Purpose: Progression of heart remodelling and failure may be associated with disturbances of sarcoplasm membrane stability, and changes of redox balance. The lack of dystrophin protein has been revealed during heart failure development but the changes in expression of dystrophin during remodeling progress are not enough investigated, as well as expression of inducible anti-oxidant enzyme MnSOD. The aim of the study was to determine the expression of dystrophin and MnSOD in the dynamic of hypertrophy of the left ventricle.
Methods: In male Wistar and SHR rats 6 months in age, hypertrophy was induced by low doses of isoprenaline (ISO) injections for 7 days. For control we injected 0,9 % NaCl solution at the same period. The samples of left (LV) and right (RV) ventricle tissue were collected in the dynamics of experiment, and morphometric analyze was performed. The expression of dystrophin was determined by Western blotting. The parameters of heart function were investigated using the ultra-small catheter 2F ("Millar Instruments", USA).
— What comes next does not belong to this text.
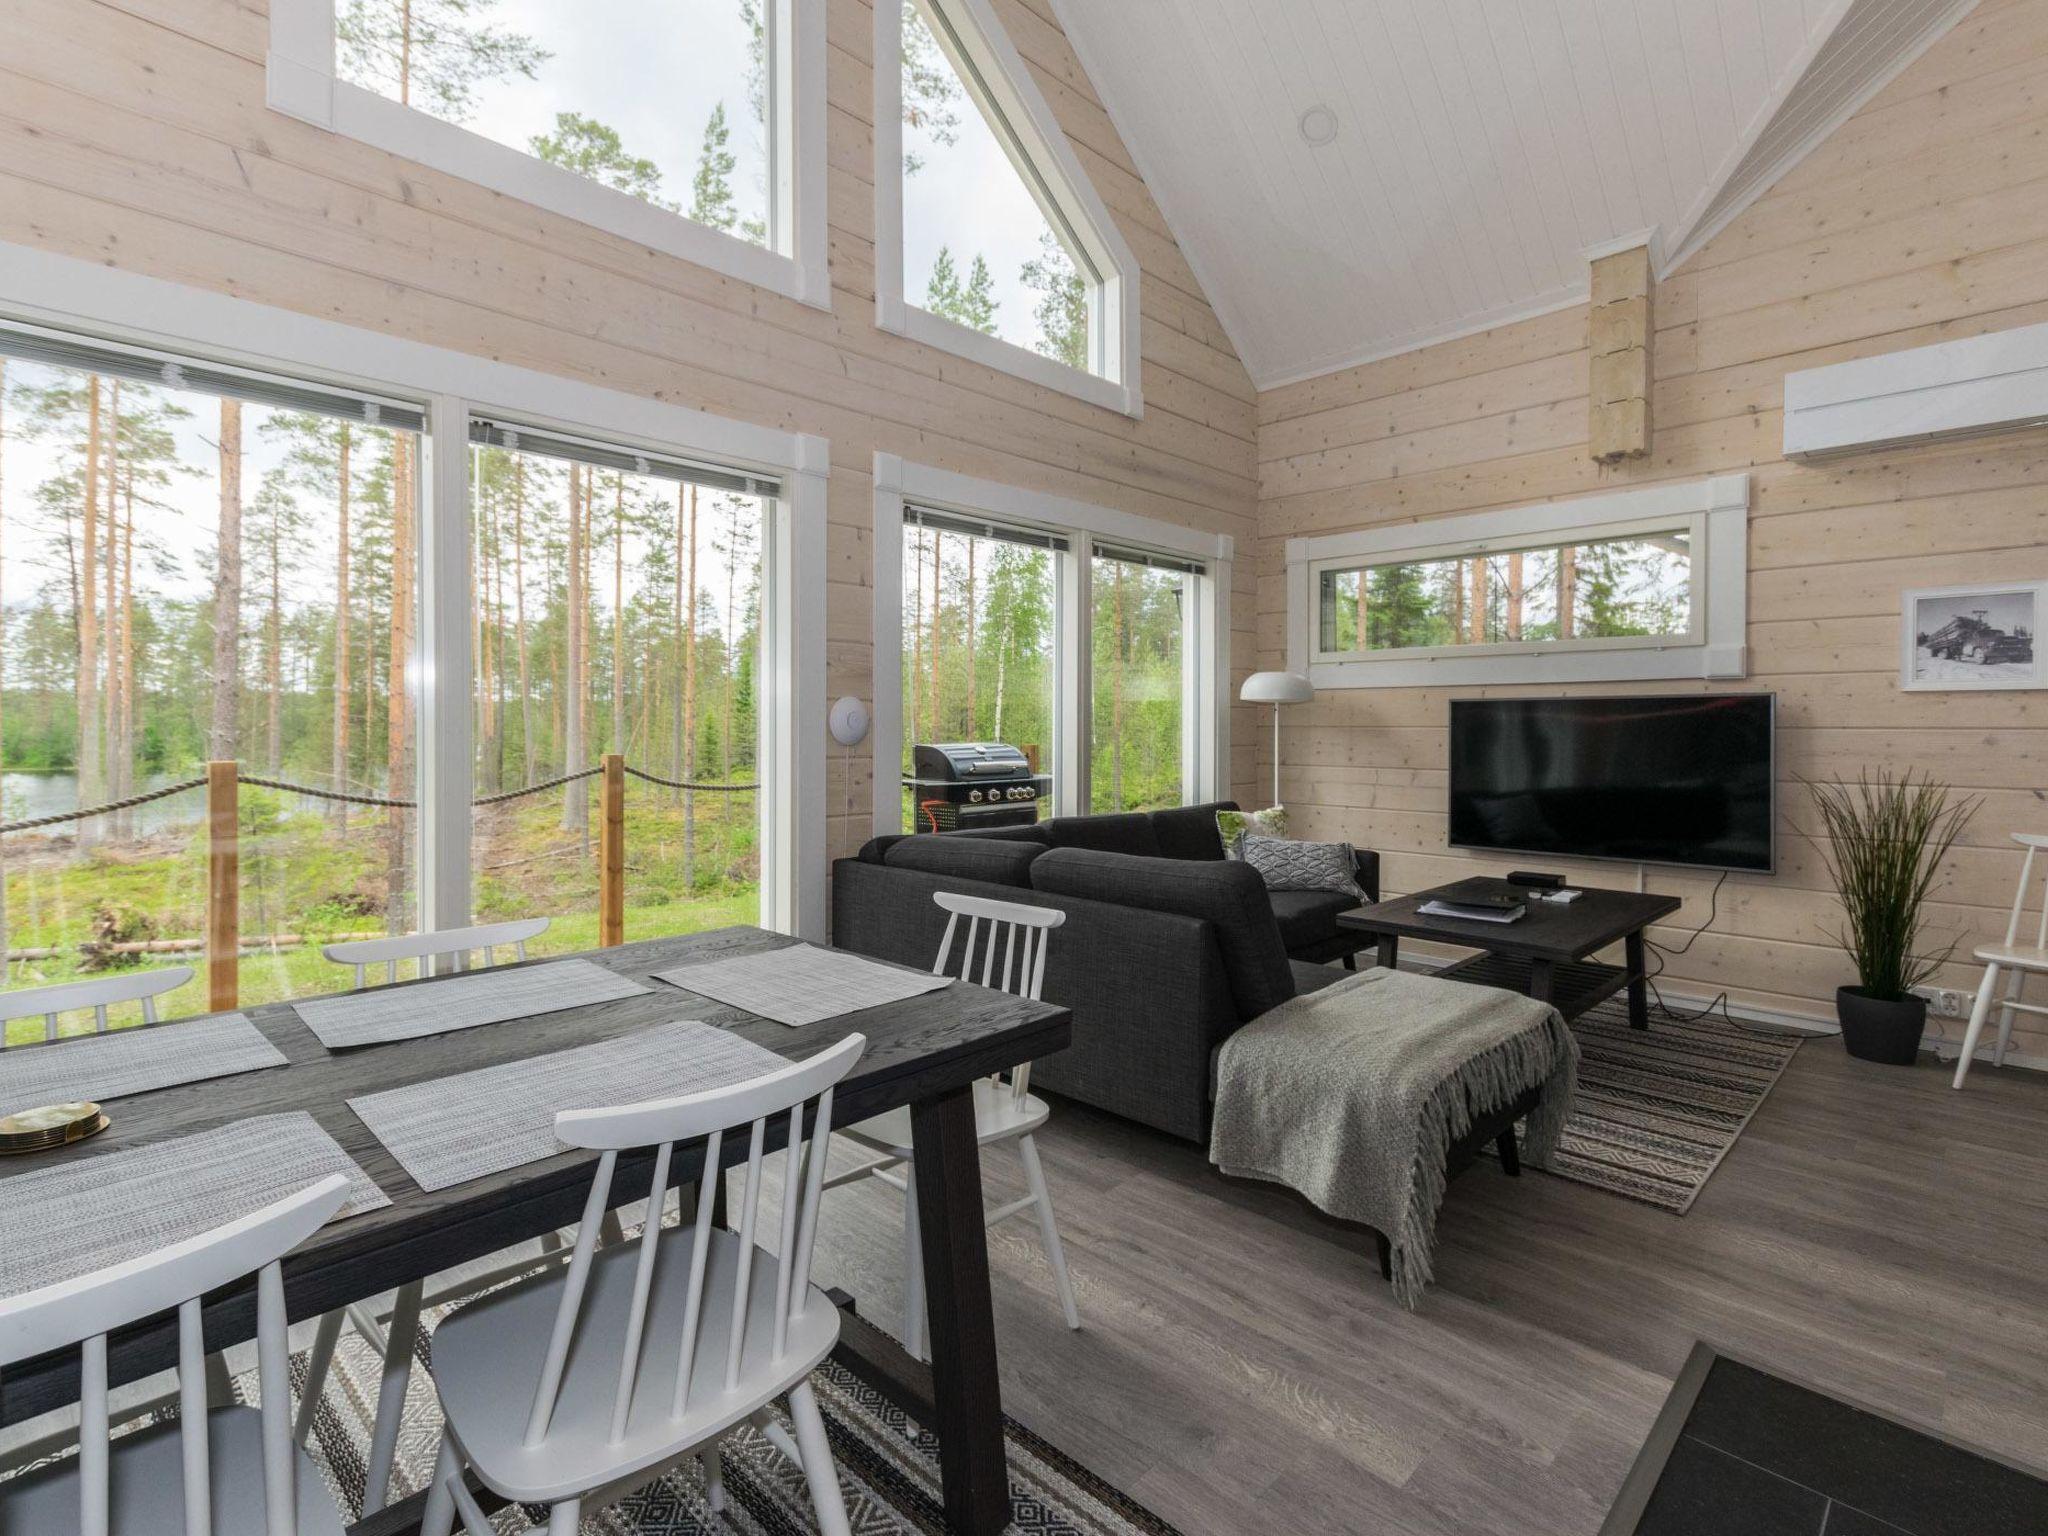 Photo 5 - 4 bedroom House in Sonkajärvi with sauna

Results: In both lines of animals, the progressive hypertrophy of LV was revealed, and following regression of hypertrophy was shown (only partially in SHR). We found that the parameters of heart function in both lines of animals were typical for heart remodeling and these changes were strongly pronounced in SHR. The expression of dystrophin was higher in RV of Wistar rats. The maximal increase in 5th day with following reduction was observed. In SHR, dystrophin expression was significantly lesser, the maximal reduction was found on 30th day. In both lines of rats, MnSOD expression was higher in LV. In the LV of Wistar, the rise and regression of hypertrophy was accompanied with increase and reduction of MnSOD expression. In the RV of Wistar, moderate elevation of MnSOD was kept during 5-14 days, and maximal values were in 30th day. In opposite, in the LV of SHR, MnSOD expression was dramatically reduced in 5-7 days during maximum of hypertrophic response that may reflect significant disturbances of anti-oxidant defence.
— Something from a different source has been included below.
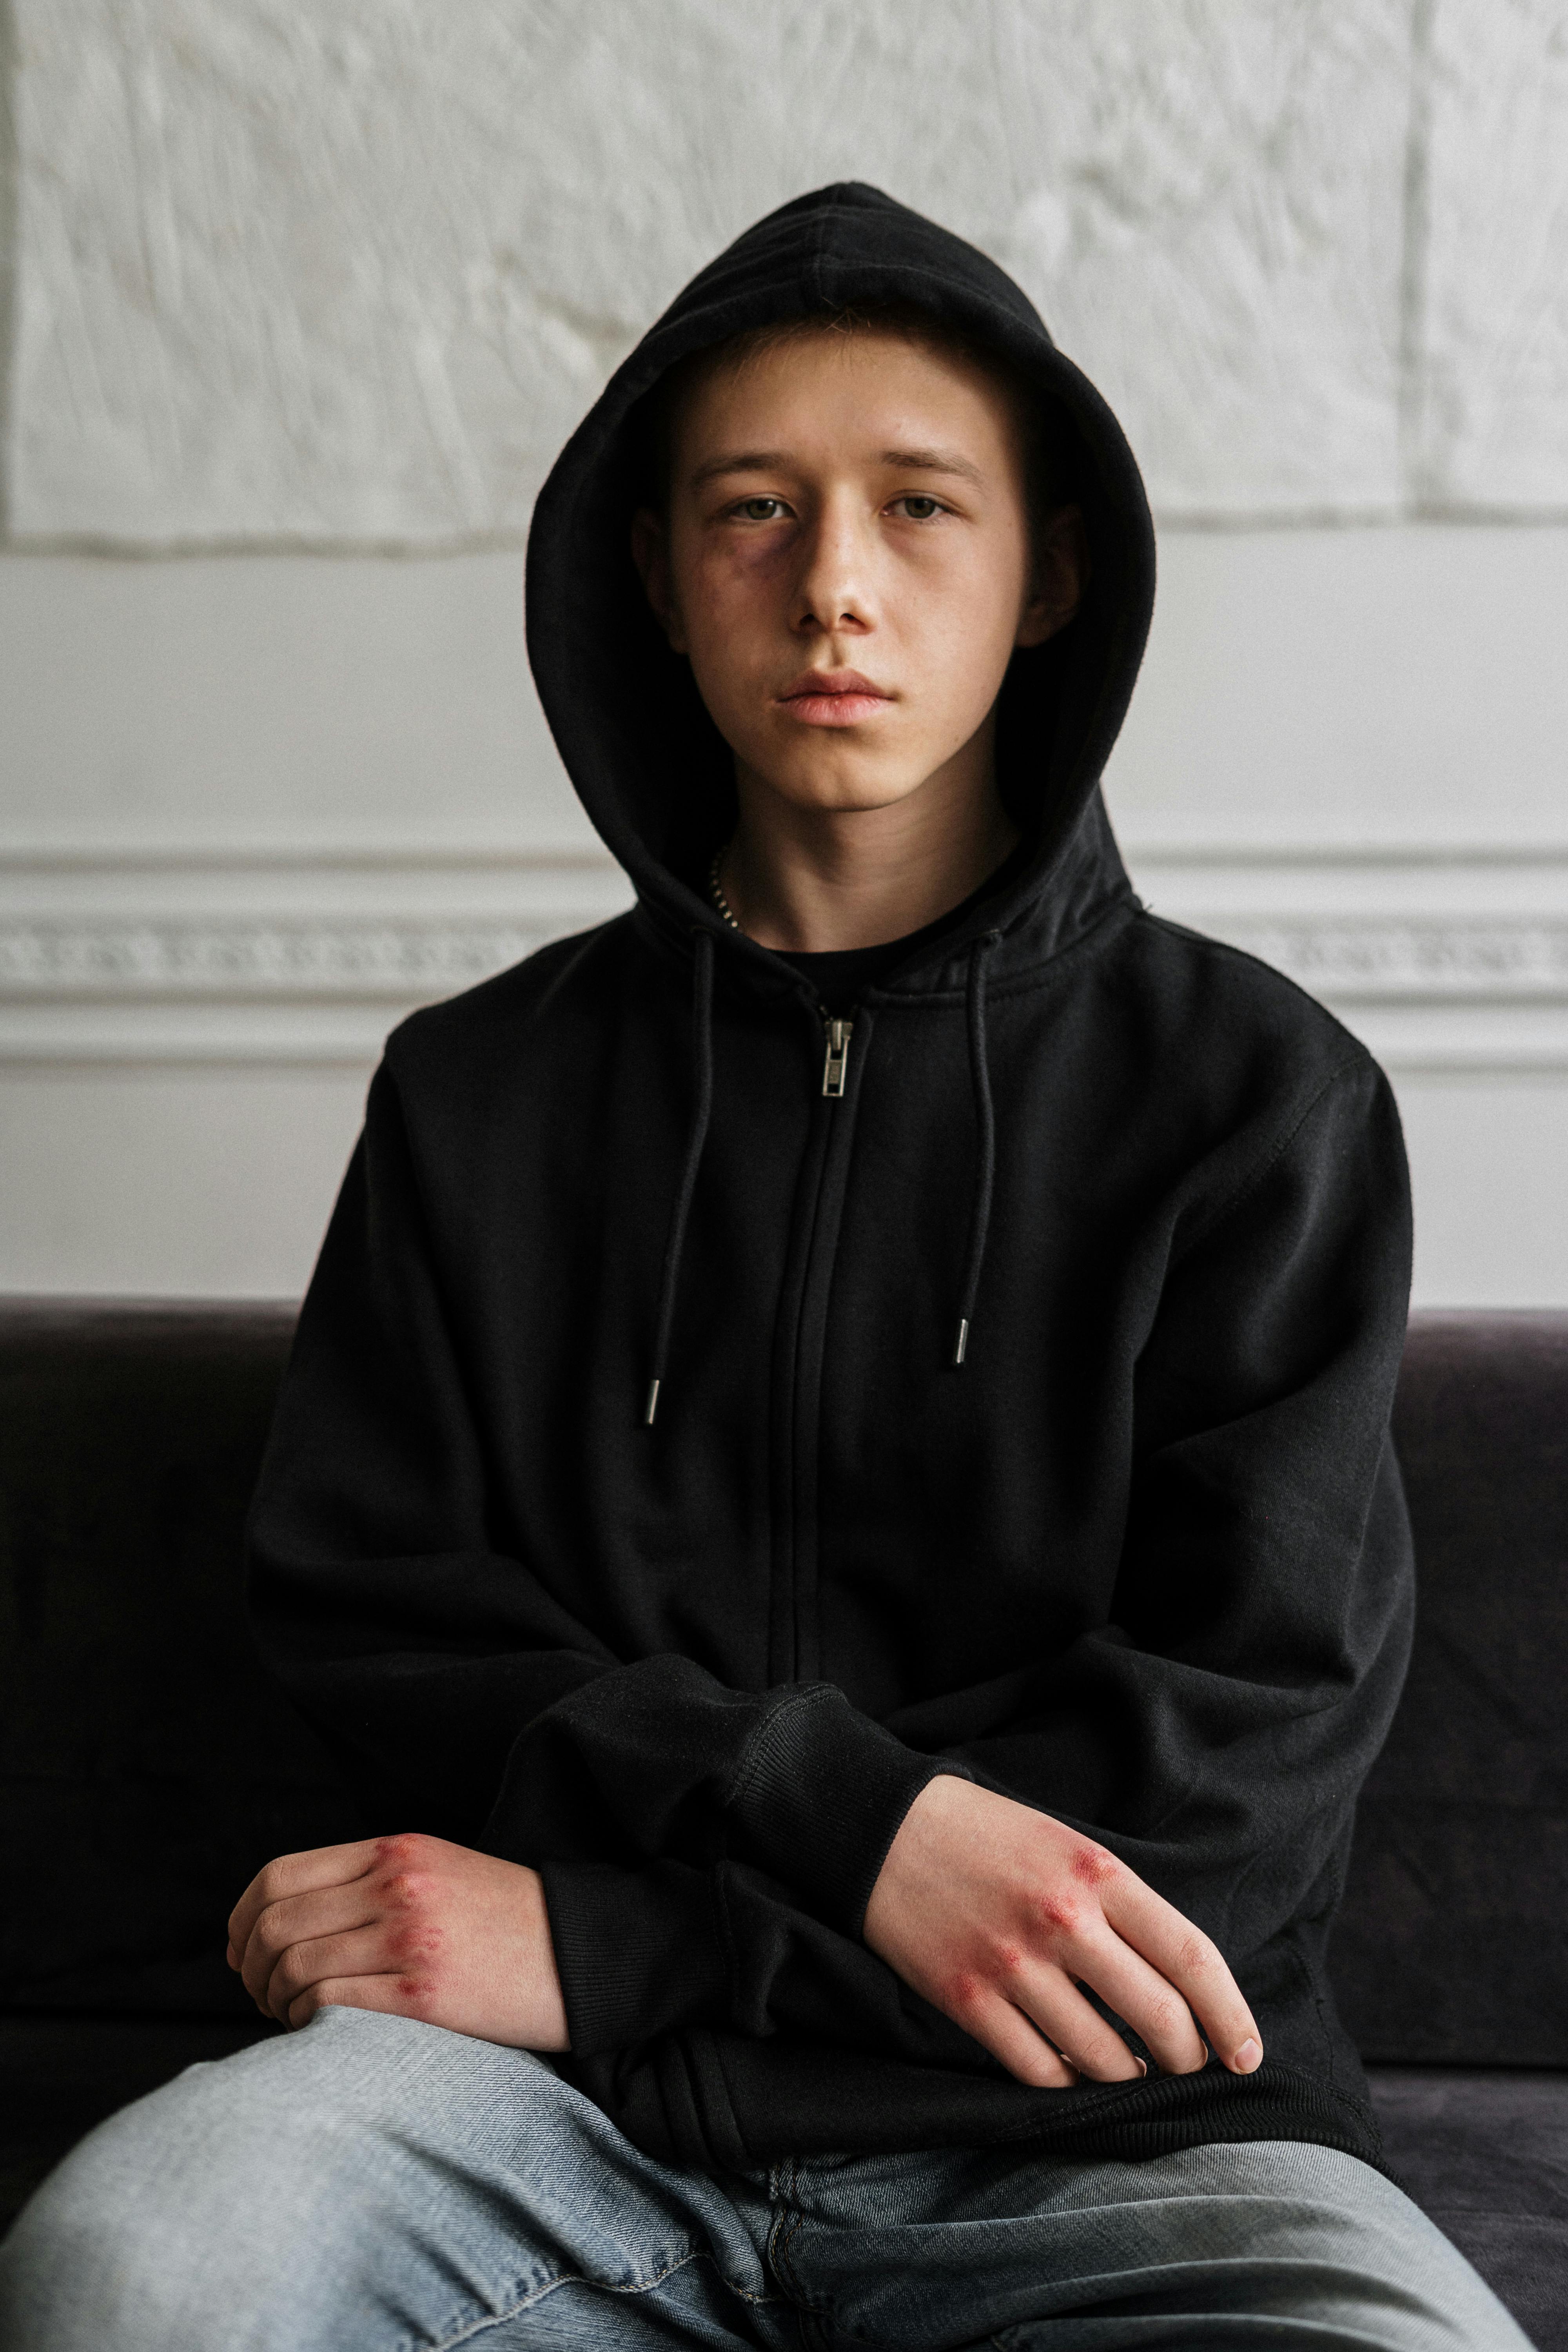 A serious-looking teen | Source: Pexels

Conclusions: The data demonstrate that hypertrophy of LV induced by adrenergic stimulation in rats is accompanied by transient compensatory increase of dystrophin expression, which is less pronounced in SHR. However, the followed prolonged depletion of dystrophin in myocardium, especially in SHR, may be unfavorable for remodelling progression. Anti-oxidant effect of MnSOD protects the heart during one month, but in SHR this mechanism appears to be insufficient at considerable hypertrophy.